January 4, 2017 at 4:46 pm #50294The spark did not follow. 🙁 That would have made the issue less maddening.
Swapped points and made sure they were gapped correctly and mated up well. They would spark on one side but not the other. How can I tell if the non-sparking side is grounding or shorting out?
The flywheel is not hitting the coil itself – it is actually hitting the armature plate. I tried moving the coil back and that had no impact. I then was able to see through the point inspection hole that it was hitting a portion of the armature plate itself. That’s when I figured the key may have moved.
Regarding the crank being bent – I don’t think that is it. We did not have an issue initially with the flywheel hitting the armature plate. I don’t think we did anything that could have bent the top of the crank.
January 4, 2017 at 5:10 pm #50296So, you are sure the flywheel is hitting the armature plate, and not the coil? Possibilities of that are pretty few, and the key is not one of them.
Are the armature plate mounting rings assembled correctly? The aluminum ring that goes under the brass ring must be installed flat side up, not tapered side up.
Does the armature plate flop around? In other words, is it broken or badly worn at the center?
The flywheel may be bent from somebody removing it with a puller that grabs the outside rim. Not necessarily you but possibly by somebody in the past. If it is, you need a replacement flywheel.
Since you mentioned the key, I am wondering if the keyway in the shaft or flywheel is battered? That happens from failing to install the flywheel correctly, and destroys the parts. Both tapers must be clean and dry and you must use a torque wrench to tighten the nut to 40-45 foot pounds. Battered keyways affect the magnet and points timing relationship. But not just one set.
The #1 cause of no spark is dirty or mis-adjusted points (assuming parts are all good)
January 4, 2017 at 5:34 pm #50299Definitely not hitting the coil. It hits the plate before it gets to the coil. Its like the flywheel is sitting down about a 1/16-1/8th inch low. I was thinking about filing a taper on the plate, but figured that is addressing the symptom and not the issue. I will take a picture when I have my hands on it again. It might be dragging on one side, but it hits a hard stop when it hits the spot on the plate. Right now the powerhead is off and in a box while we are waiting for parts, and the girlfriend has everything else in pieces cleaning it for reassembly.
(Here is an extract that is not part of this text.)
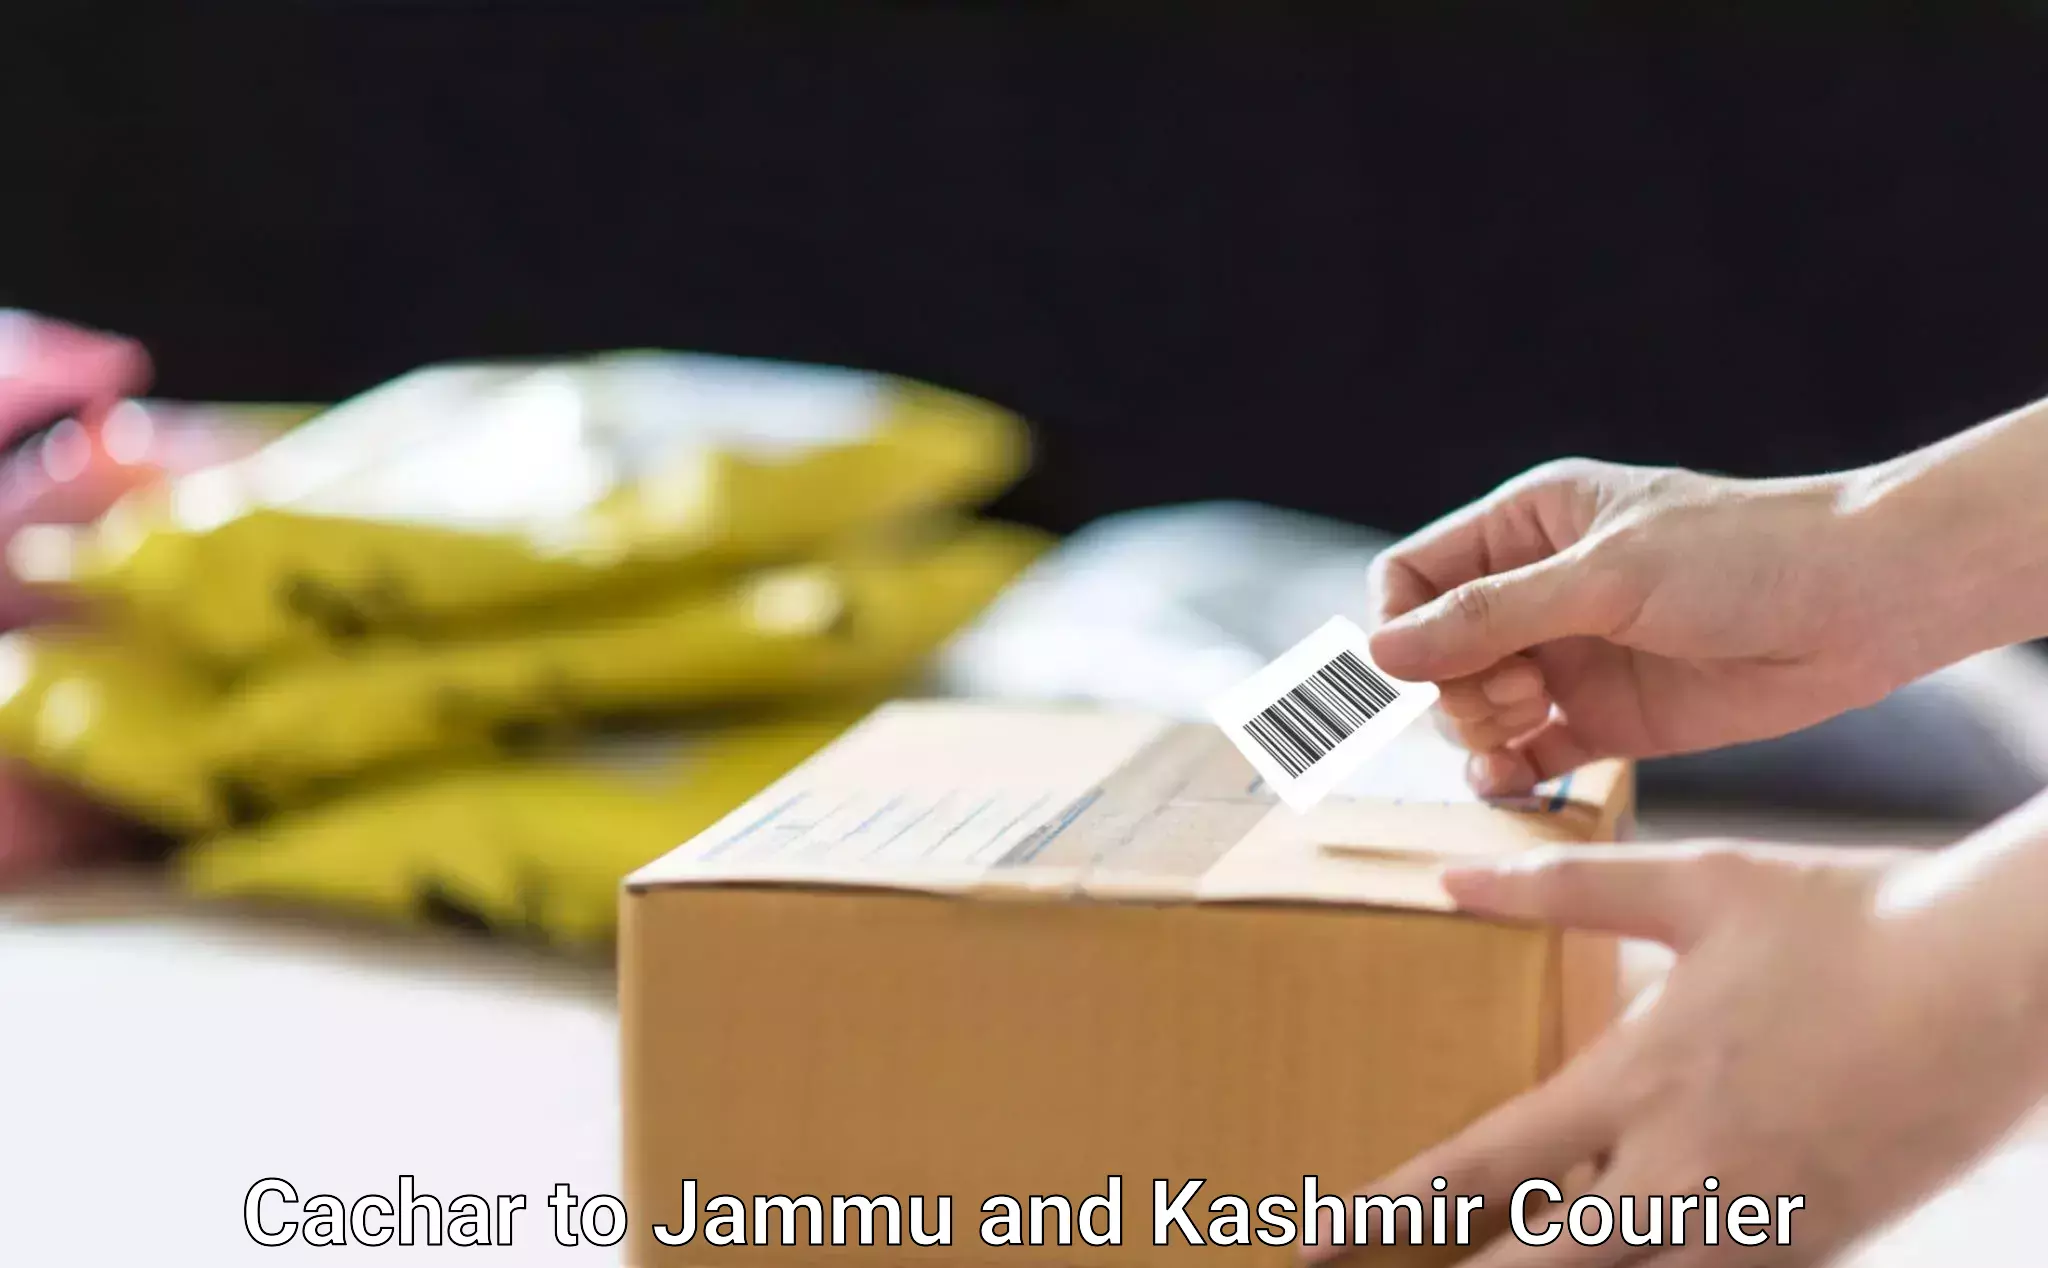 Supply chain delivery Cachar to Srinagar Kashmir

Rings under the plate – I will need to look at them. I removed them after the issue started, but everything seemed good. The armature plate fits well – everything is nice and tight. Motor was in really good shape, just no spark.
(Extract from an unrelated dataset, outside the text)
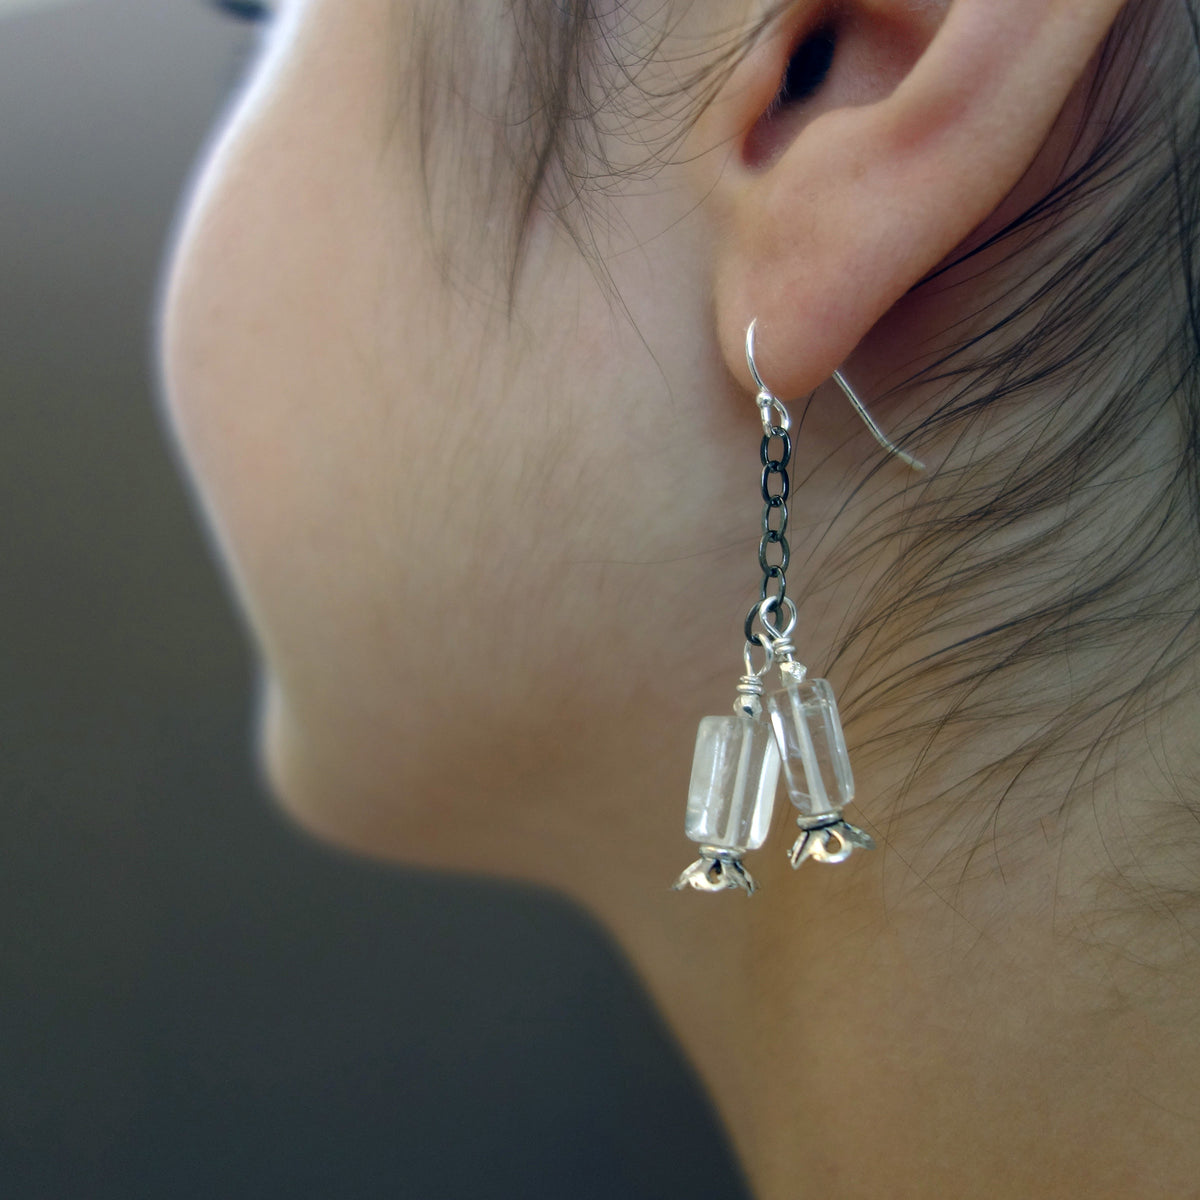 Rock On Crystal Girl earrings

I will check the flywheel again for how the keyway looks on it. I am thinking it might not be bent as we didn’t have clearance issues initially, but only after "popping the top" a bunch of times in our odyssey to find spark. Before you ask – i did use a puller that had bolts going into the flywheel and not arms on the outside.
Pretty sure we swapped points from the working to the non-working side with no result.
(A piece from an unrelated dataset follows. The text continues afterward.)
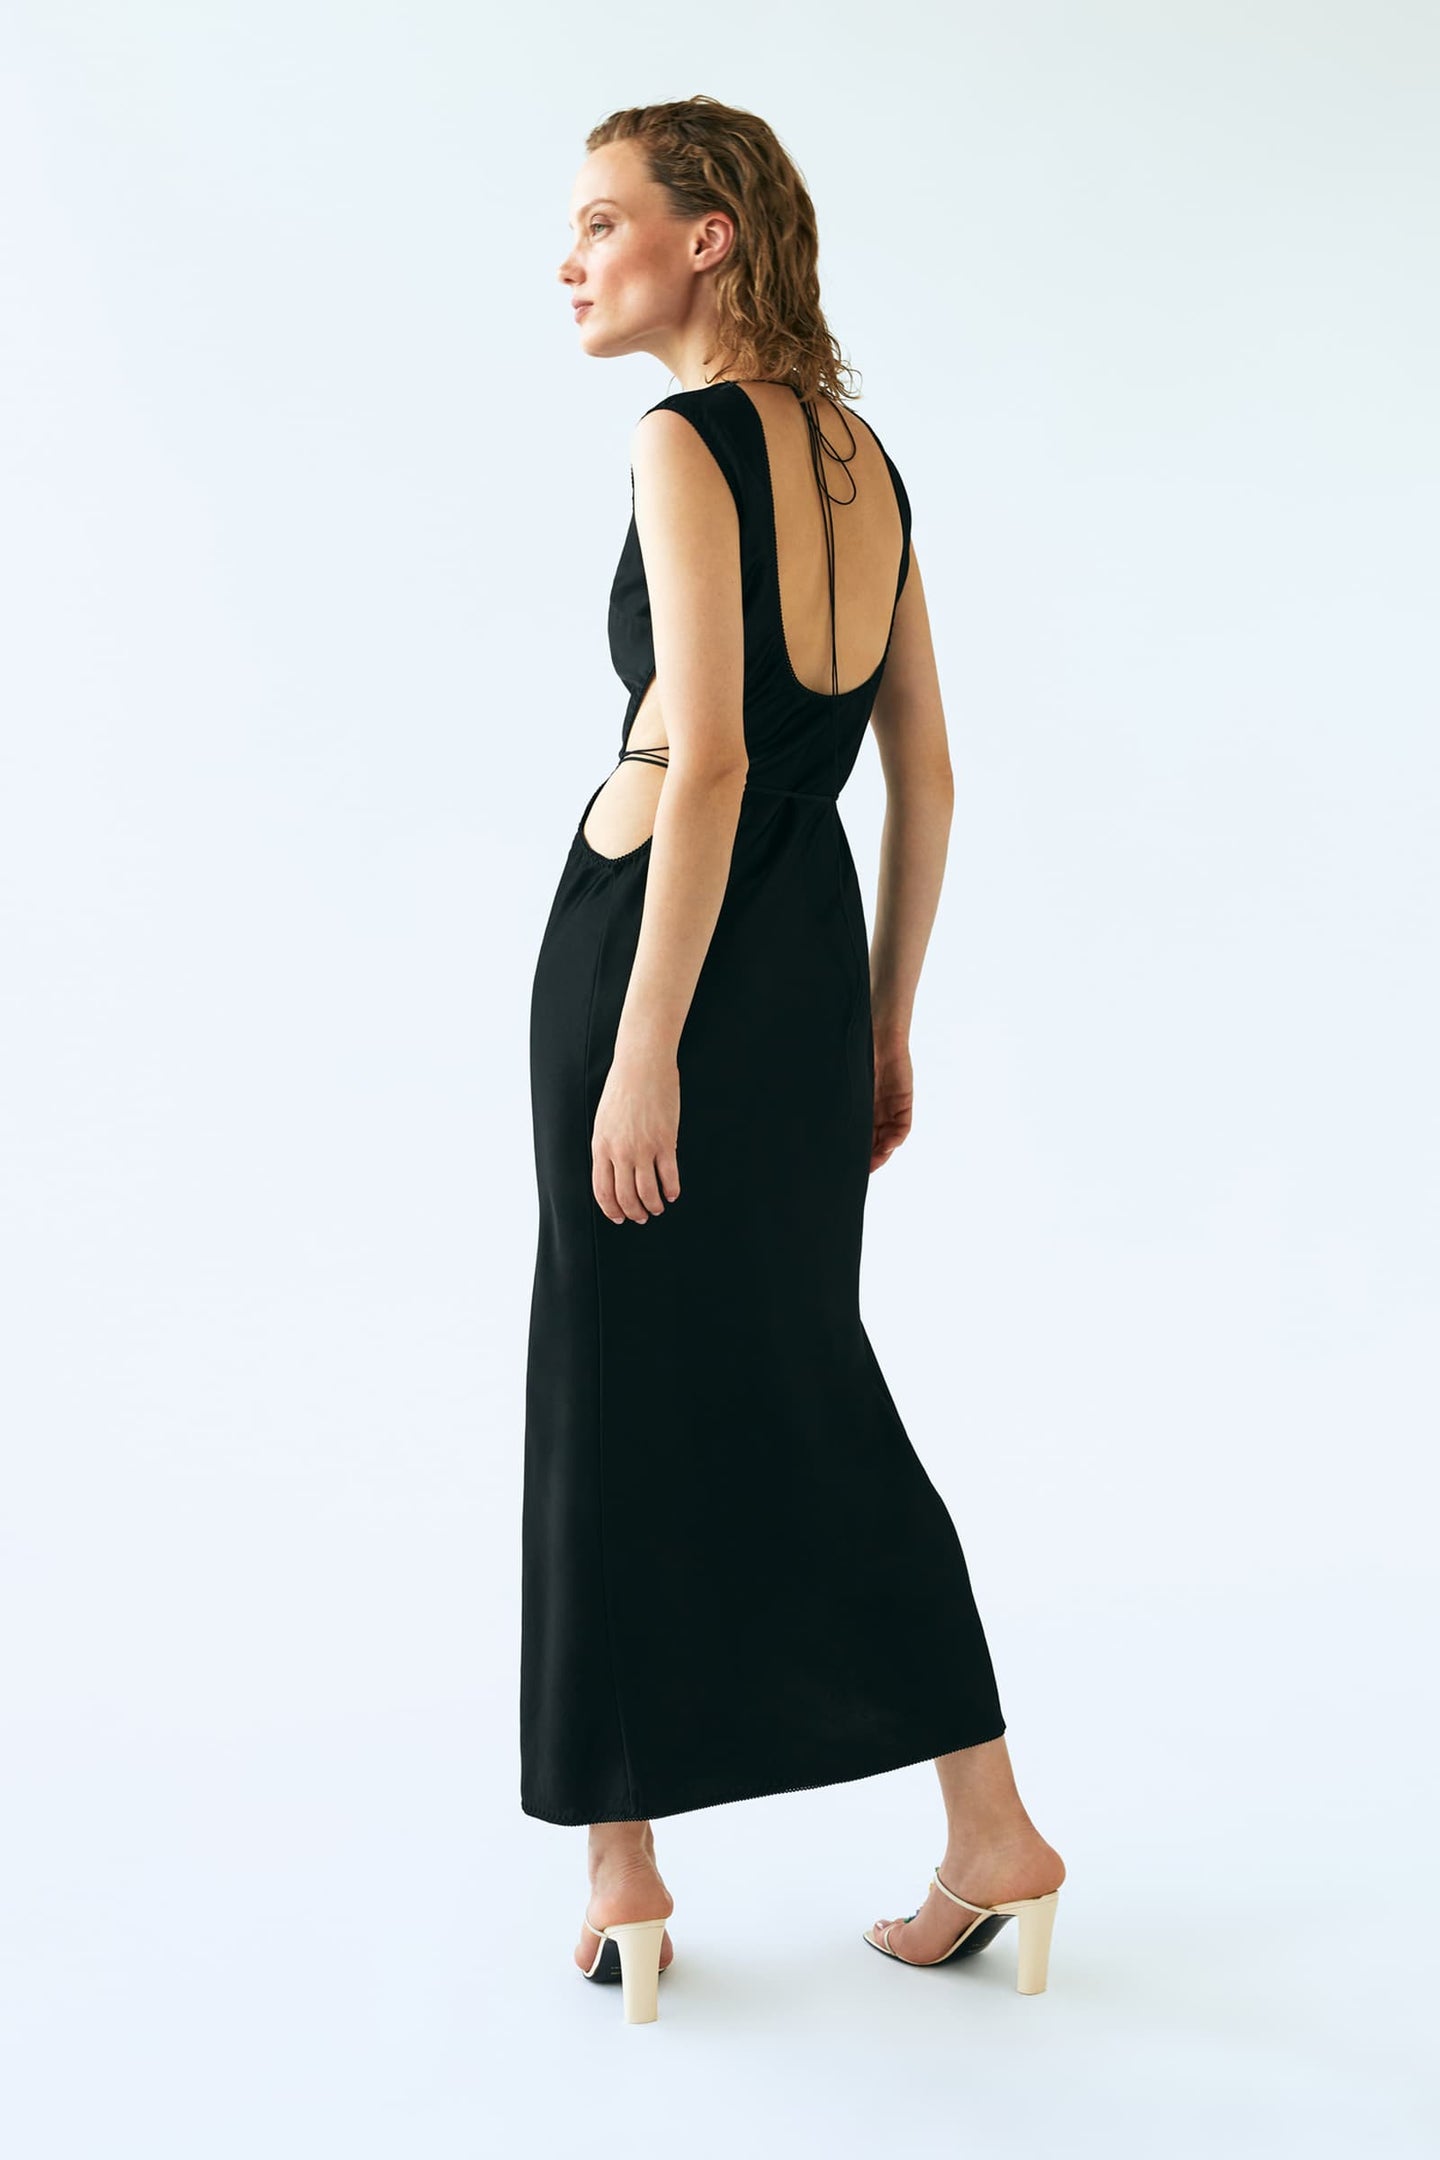 Model in Shu black dress back view

That is why this is such a mystery. Changing things around should have got us spark. Then suddenly having clearance issues really melted my mind.
January 4, 2017 at 6:31 pm #50303With what you just said (sitting too low) that could be an expanded flywheel taper from using an impact wrench on the flywheel nut. OR, as I already suggested the mounting ring upside down, allowing the armature plate to wobble upwards and the flywheel to strike it.
January 4, 2017 at 6:39 pm #50305You say you used different condensers. Why not install brand new ones as they do go bad? P/N 580321.
January 4, 2017 at 7:07 pm #50307New condensors are on the parts list.
Never used an impact on the flywheel nut.
January 4, 2017 at 8:01 pm #50315Is the flywheel hitting the magneto plate or the laminations of the coils?
Are the screws holding the coils snugged up properly?
January 4, 2017 at 8:31 pm #50318quote 63LSTriton:New condensors are on the parts list.Never used an impact on the flywheel but.
Understand, I was not saying you did it. But how many others have worked on it over the last 60 years?